Generate a time series of 100 observations and obtain the mean,variance,ACVF and ACF of the following models:
AR(1) Model
AR(3) Model
AR(p) Model
Draw ACF and PACF plot
ACF is an (complete) auto-correlation function which gives us values of auto-correlation of any series with its lagged values. We plot these values along with the confidence band and tada! We have an ACF plot. In simple terms, it describes how well the present value of the series is related with its past values. A time series can have components like trend, seasonality, cyclic and residual. ACF considers all these components while finding correlations hence it’s a ‘complete auto-correlation plot’.
PACF is a partial auto-correlation function. Basically instead of finding correlations of present with lags like ACF, it finds correlation of the residuals (which remains after removing the effects which are already explained by the earlier lag(s)) with the next lag value hence ‘partial’ and not ‘complete’ as we remove already found variations before we find the next correlation. So if there is any hidden information in the residual which can be modeled by the next lag, we might get a good correlation and we will keep that next lag as a feature while modeling. Remember while modeling we don’t want to keep too many features which are correlated as that can create multicollinearity issues. Hence we need to retain only the relevant features.

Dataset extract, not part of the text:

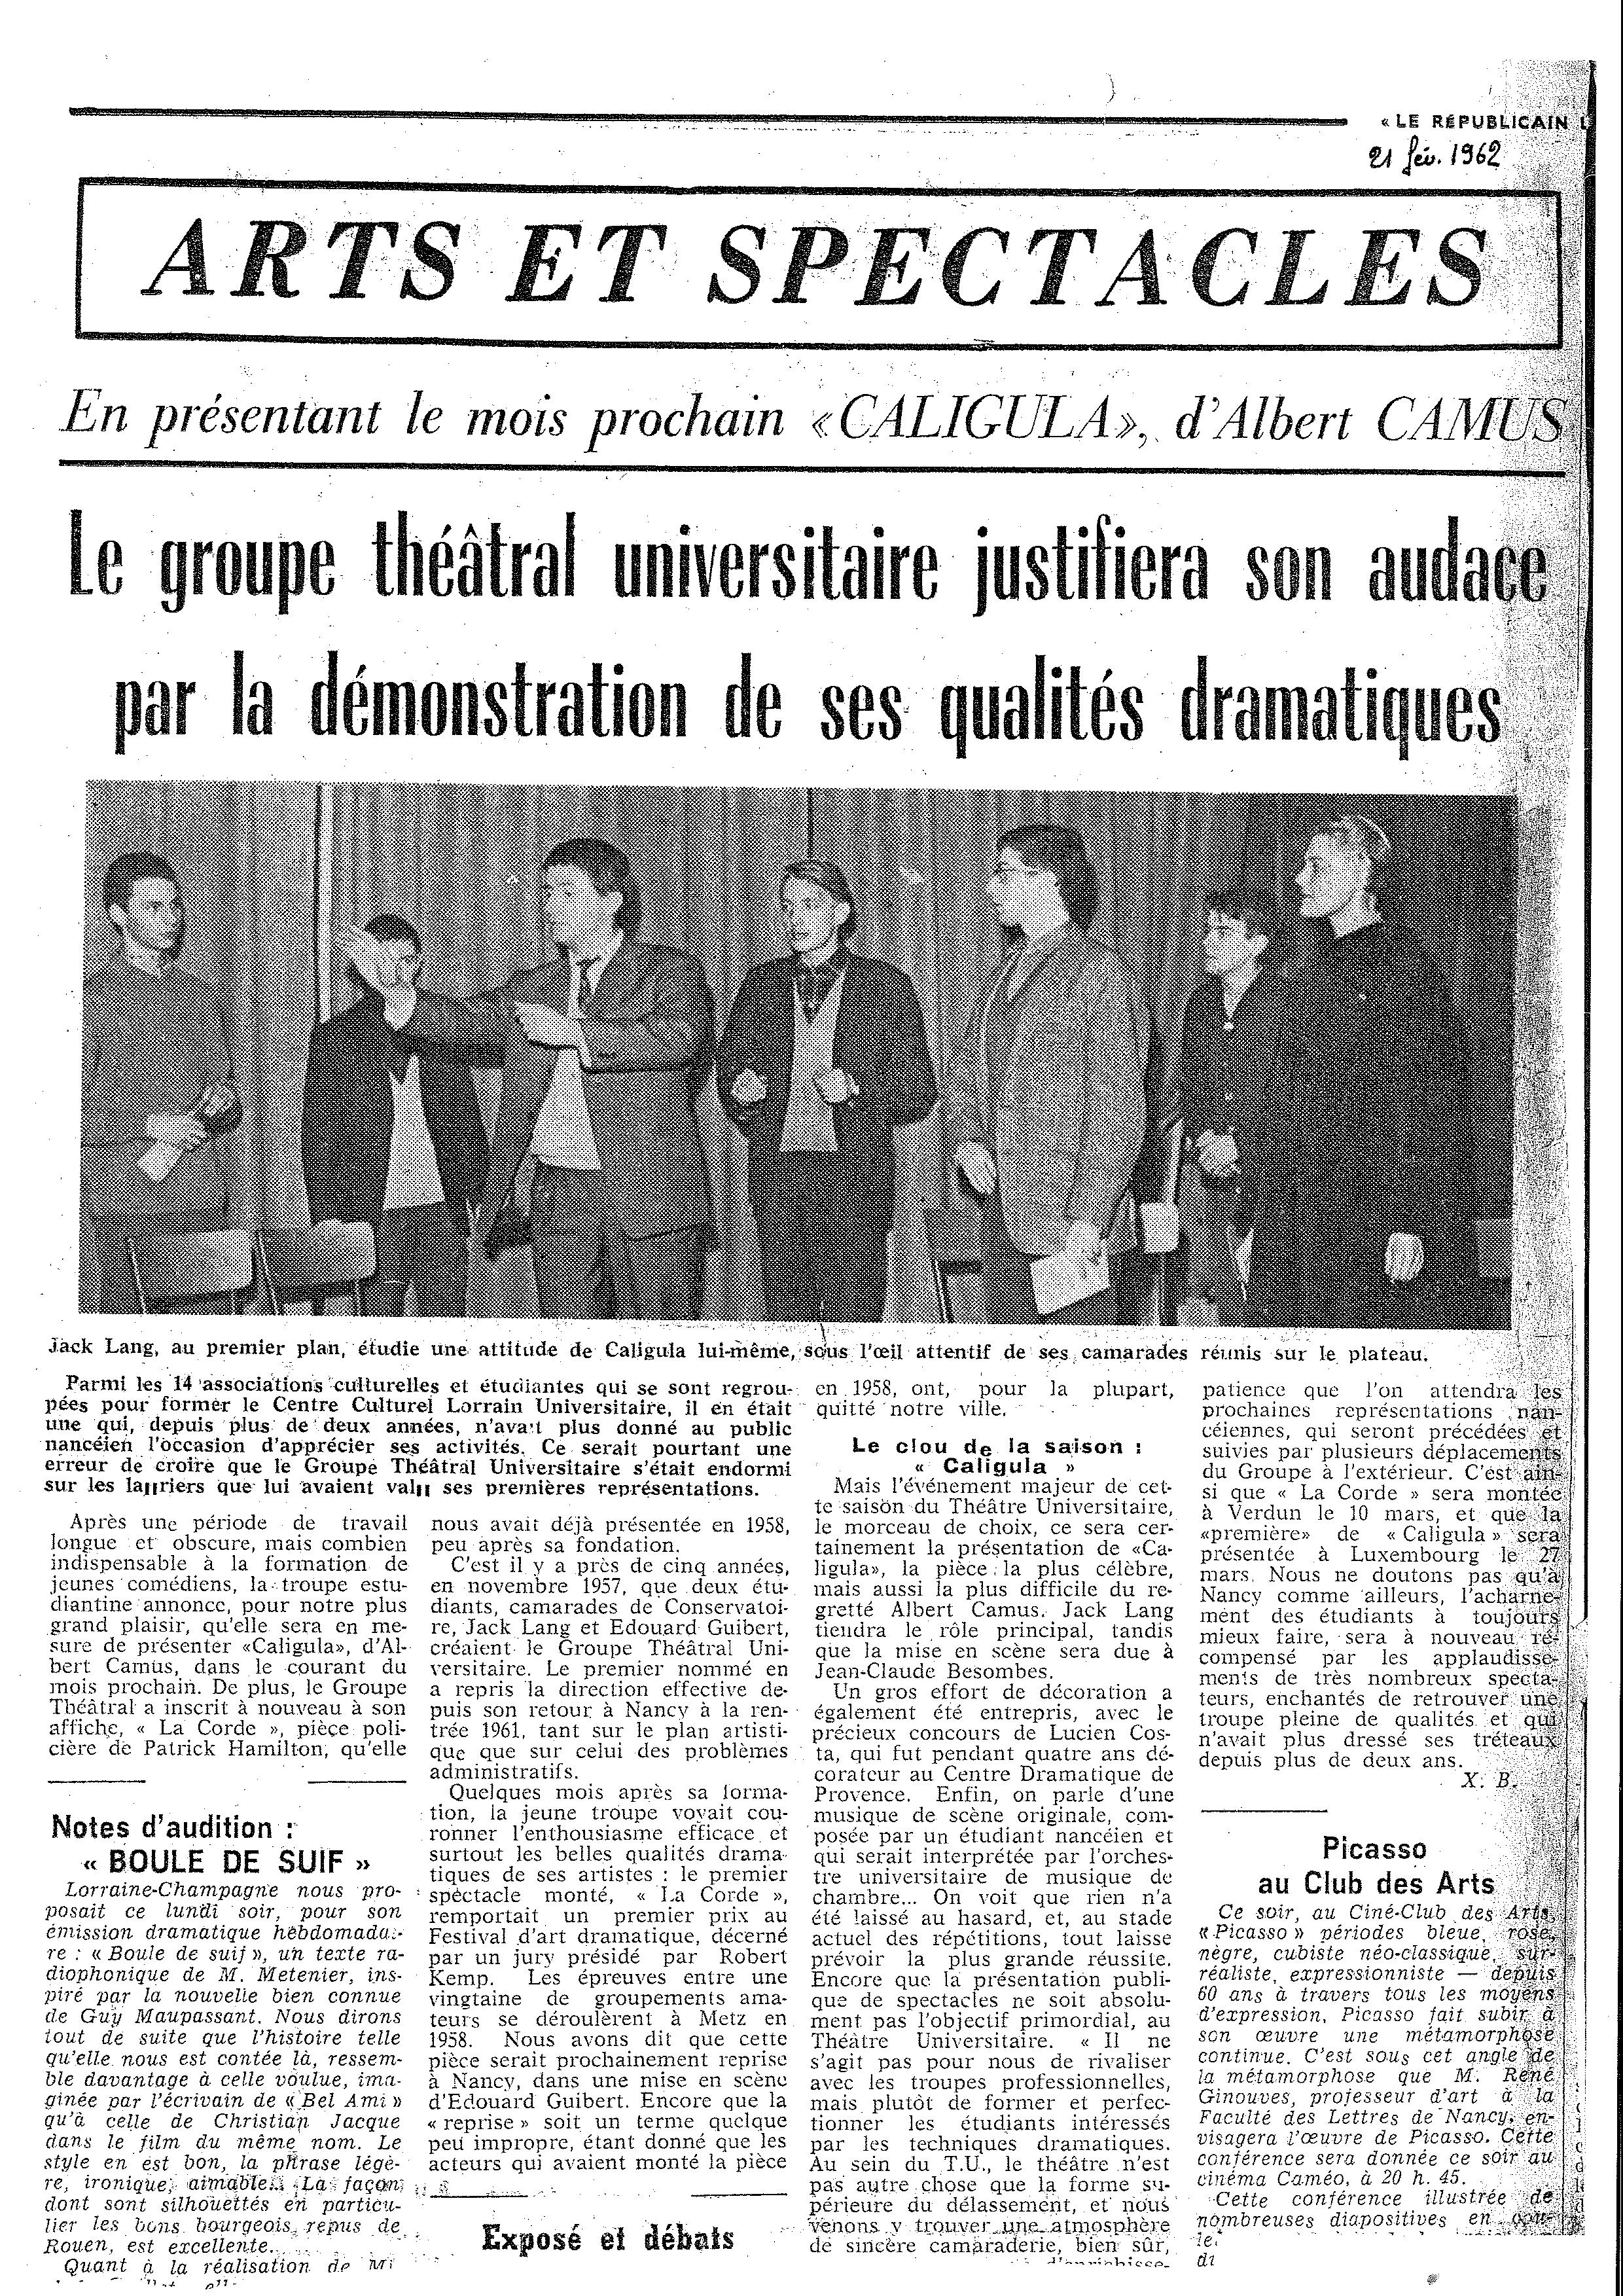 Figure 2. Article tiré du Républicain Lorrain, le 21 février 1962. Archives de Meurthe-et-Moselle, cote du document : 68J9.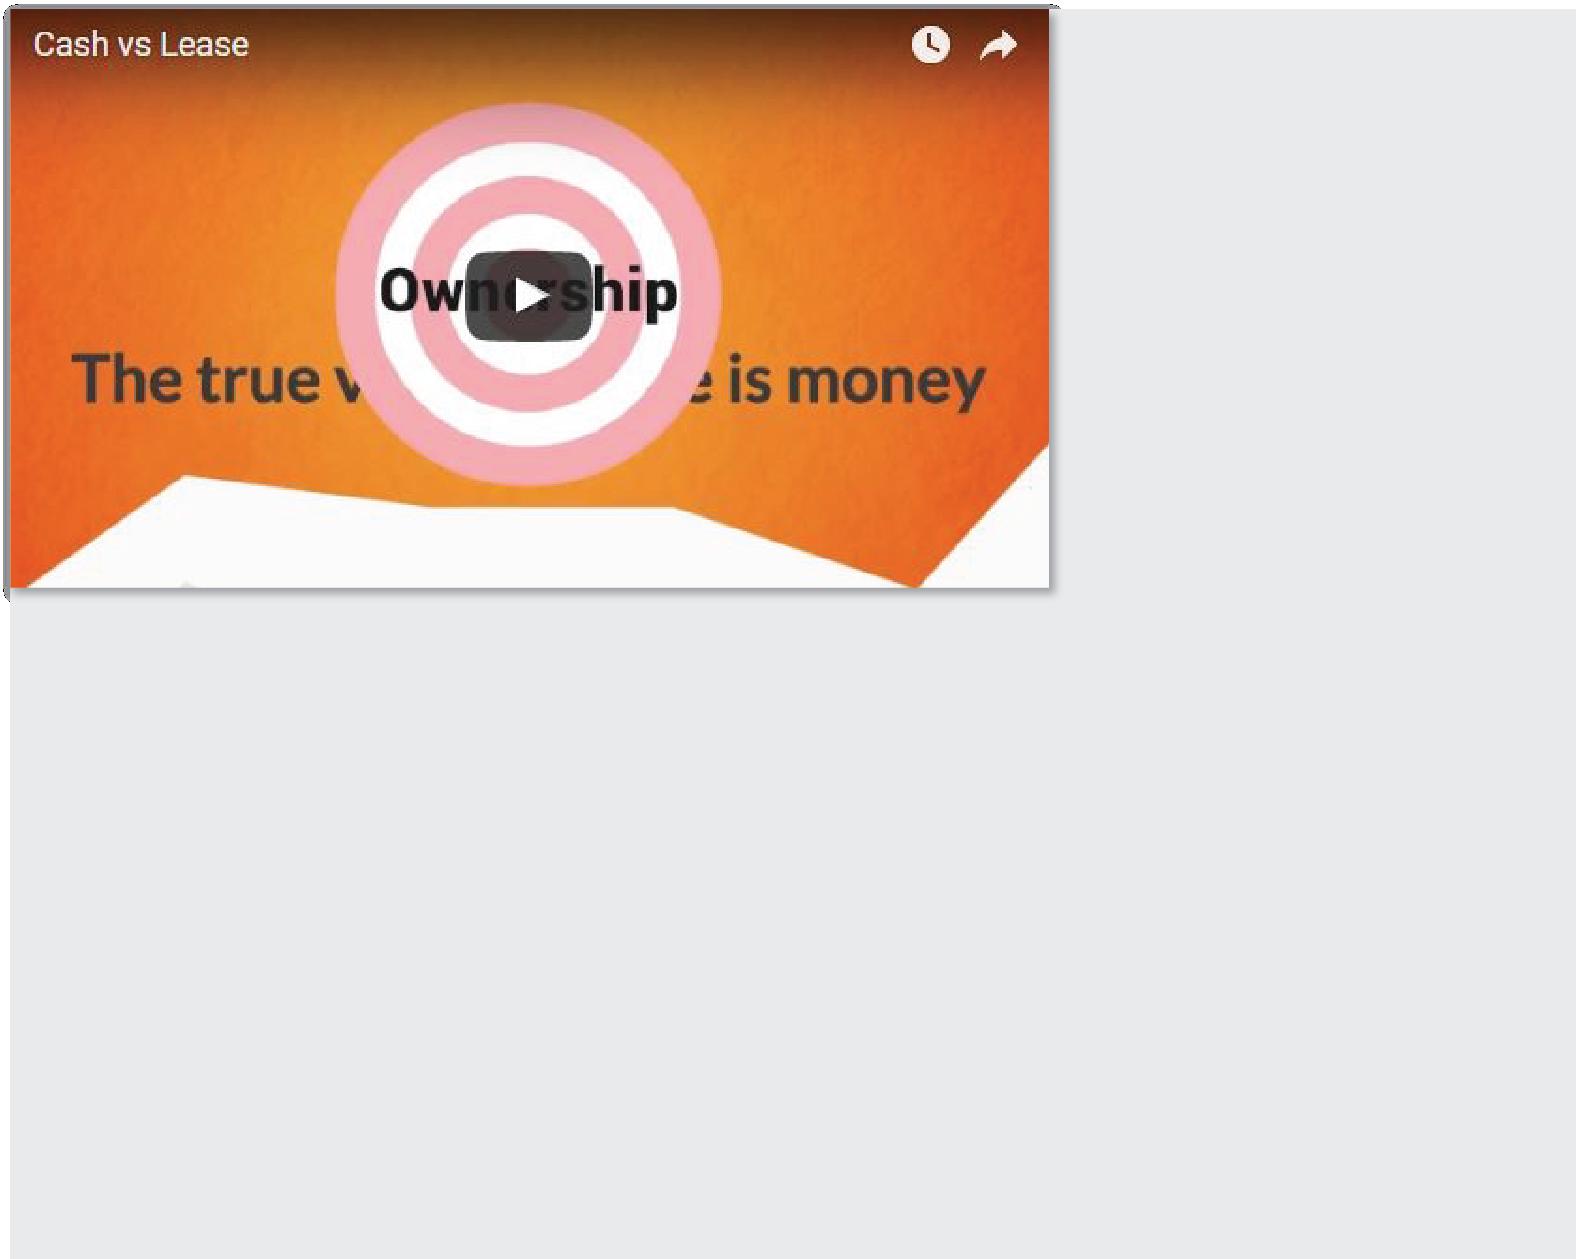 Cash vs Lease Video.png

Auto regressive (AR) process , a time series is said to be AR when present value of the time series can be obtained using previous values of the same time series i.e the present value is weighted average of its past values. Stock prices and global temperature rise can be thought of as an AR processes. The AR process of an order p can be written as, \[y_{t}=c+\phi_{1} y_{t-1}+\phi_{2} y_{t-2}+\cdots+\phi_{p} y_{t-p}+\varepsilon_{t}\]
Order p is the lag value after which PACF plot crosses the upper confidence interval for the first time. These p lags will act as our features while forecasting the AR time series. We cannot use the ACF plot here because it will show good correlations even for the lags which are far in the past. If we consider those many features, we will have multicollinearity issues.This is not a problem with PACF plot as it removes components already explained by earlier lags, so we only get the lags which have the correlation with the residual i.e the component not explained by earlier lags.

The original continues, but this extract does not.